Czy wiedziałem co to oznacza? Oczywiście, że tak. Doskonale zdawałem sobie sprawę z tego, dlaczego Iza się odcięła. Wiedziałem co robiła, a mimo to coś mnie do niej przyciągało. W końcu miłość nie wybiera, prawda?
Niewiele myśląc ubrałem buty, chwyciłem kluczyki i wybiegłem. Jak szalony przejechałem przez miasto i zaparkowałem z piskiem pod domem Kowala. W głowie miałem tylko jedną myśl, nie mogłem jej stracić.
Zatrzasnąłem za sobą drzwi i pobiegłem w kierunku budynku. Wbiegałem po schodach, kiedy na ganku pojawiła się jakaś wysoka postać, za nią dostrzegłem Izę. Zatrzymałem się sapiąc i zmierzyłem mężczyznę wzrokiem.
- O popatrz, Twój kochanek przyszedł się chyba pożegnać. - Zaśmiał się perfidnie, a ja zacisnąłem dłonie w pięści.
- Chodźmy już. - Powiedziała dziewczyna nawet na mnie nie patrząc.
- Jak sobie życzysz, Księżniczko. - Zrobił krok w jej kierunku, jednak odciągnąłem go do tyłu. - Chłopczyku, puść mnie.
- Ona nigdzie z Tobą nie idzie. - Warknąłem. - Zabieraj to i spierdalaj z jej życia. - Wcisnąłem mu kopertę i stanąłem między nim, a Izą.
Mężczyzna popatrzył na mnie krzywo, po czym przeliczył pieniądze. Schował je z krzywym uśmiechem i mrugnął w kierunku Izy, która niezbyt rozumiała zaistniałą sytuację. 
- Dobrze. - Zszedł po schodach. - Miło było poznać. 
- Nie chcę Cię tutaj więcej widzieć, rozumiemy się? - Powiedziałem twardo.
- Dostałem co moje, do niczego więcej jej nie potrzebuję. - Zniknął z naszego pola widzenia, a ja odetchnąłem.
Niepewnie odwróciłem się w kierunku Izy i popatrzyłem jej w oczy.
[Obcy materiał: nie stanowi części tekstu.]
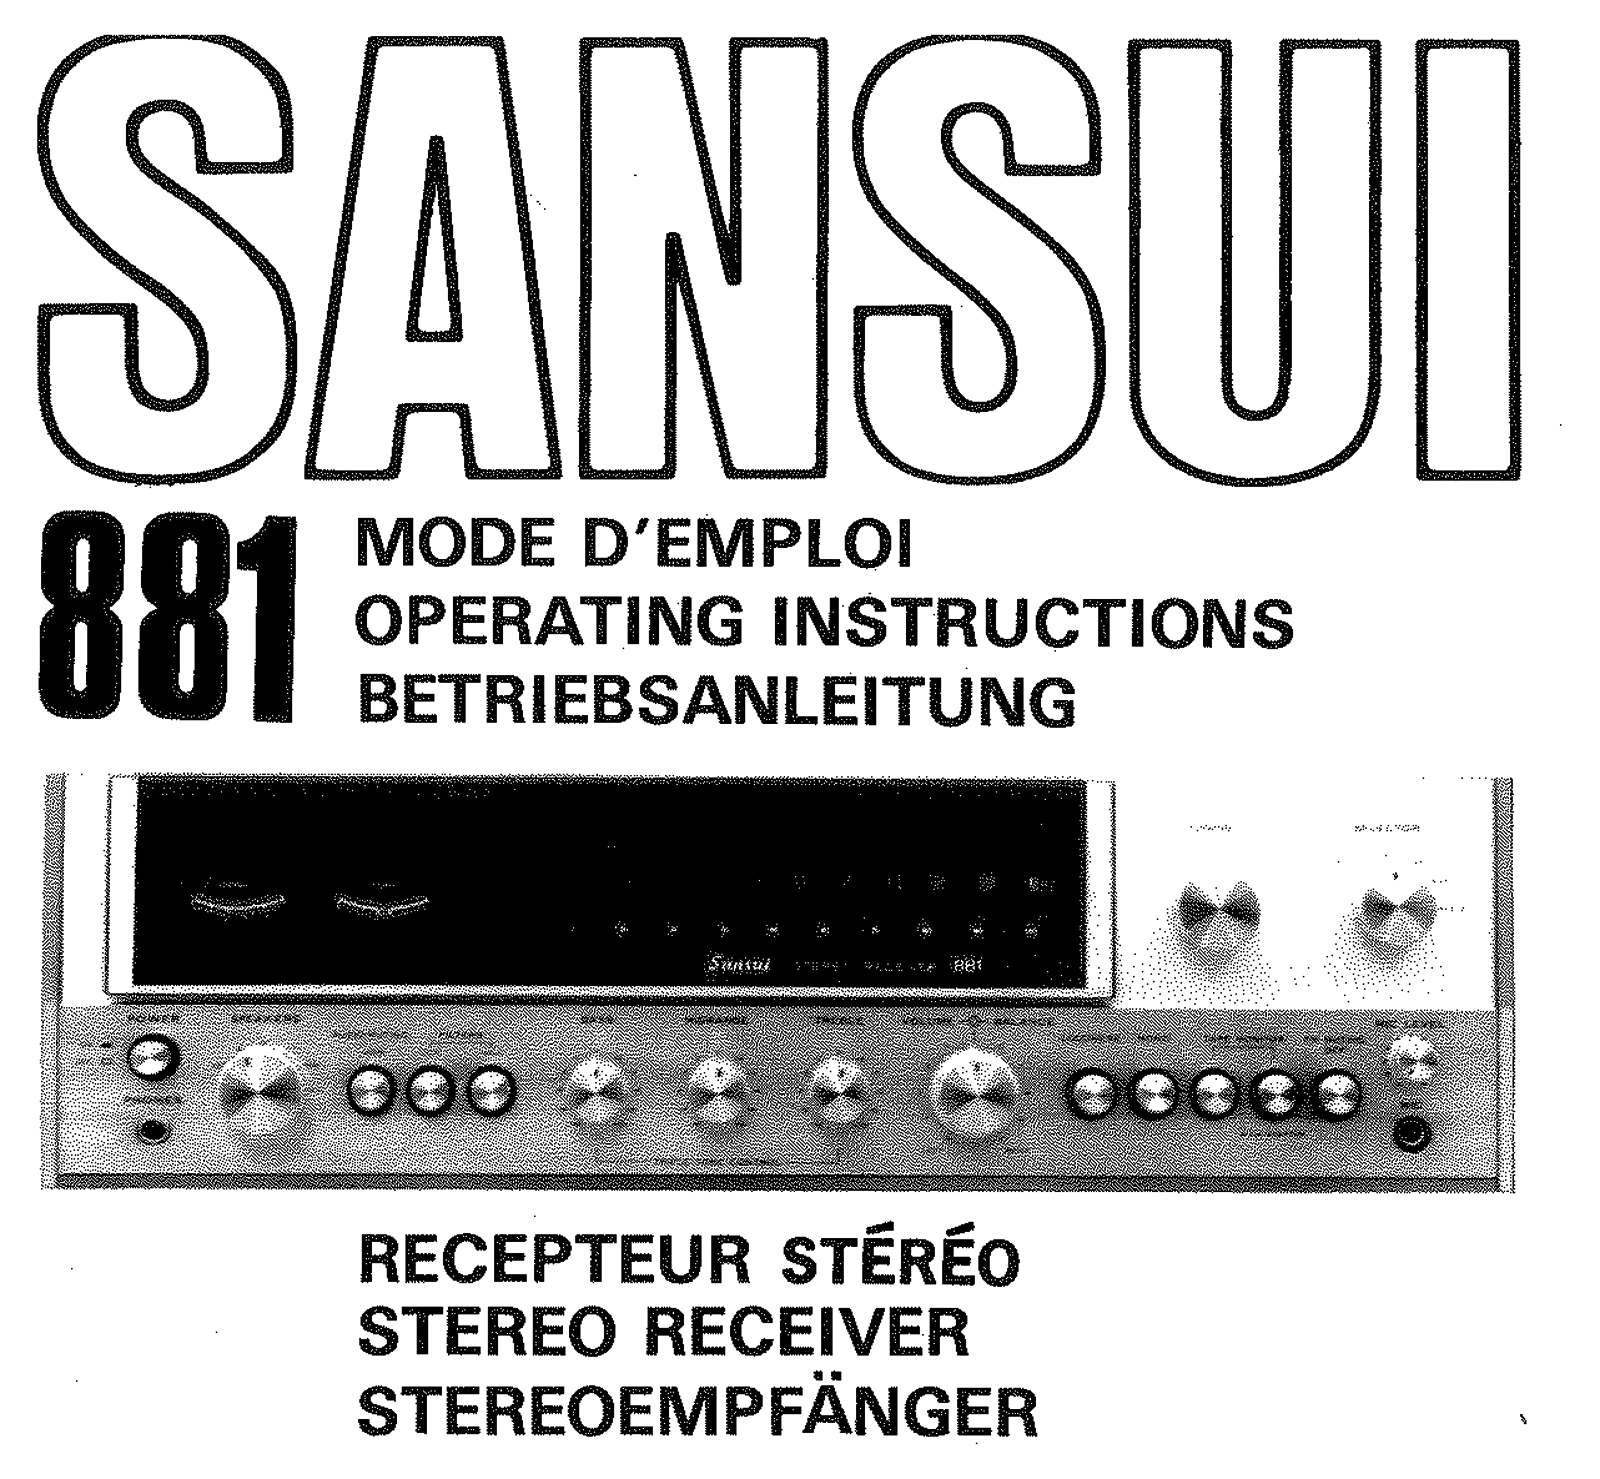 Sansui 881 Owners Manual

Nie umiałem rozgryźć o czym myślała.
- Nie rozumiem... - Odezwała się pierwsza.
- Wiem o wszystkim. - Odpowiedziałem cicho. W jej oczach pojawiło się najpierw przerażenie, a później złość. 
- Zabiję go.
- Nie od Dawida. - Uspokoiłem ją od razu. 
- Więc dlaczego? - Zapytała drżącym głosem. - Co tutaj jeszcze robisz?
- Iza, ja... - Podszedłem do niej powoli i uniosłem jej podbródek. Jej oczy były zaszklone, nie chciałem żeby płakała.
- Ty co? - Zapytała.
- Kocham Cię. - Wpiłem się w jej usta.
Nie musiałem długo czekać na odpowiedz. Poddała mi się łatwo i mocno przycisnęła swoje ciało do mojego. Oderwaliśmy się od siebie po dłuższej chwili. Mocno ją do siebie przytuliłem.
- Ja Ciebie też. - Wyszeptała z uśmiechem.

...

No więc wszystko się rozwiązało!
Przepraszam za błędy :/

Niestety zawiodę część, nie będzie żadnej sceny Dejwid&Iza :D
Hm, jutro pojawię się z epilogiem... Czas już się pożegnać z tą historią.
Trzymajcie się i do jutra <3

CZYTAM + KOMENTUJĘ = MOTYWUJĘ

~DF


poniedziałek, 22 czerwca 2015

Rozdział 10.

Przeczytajcie proszę notkę pod rozdziałem!!!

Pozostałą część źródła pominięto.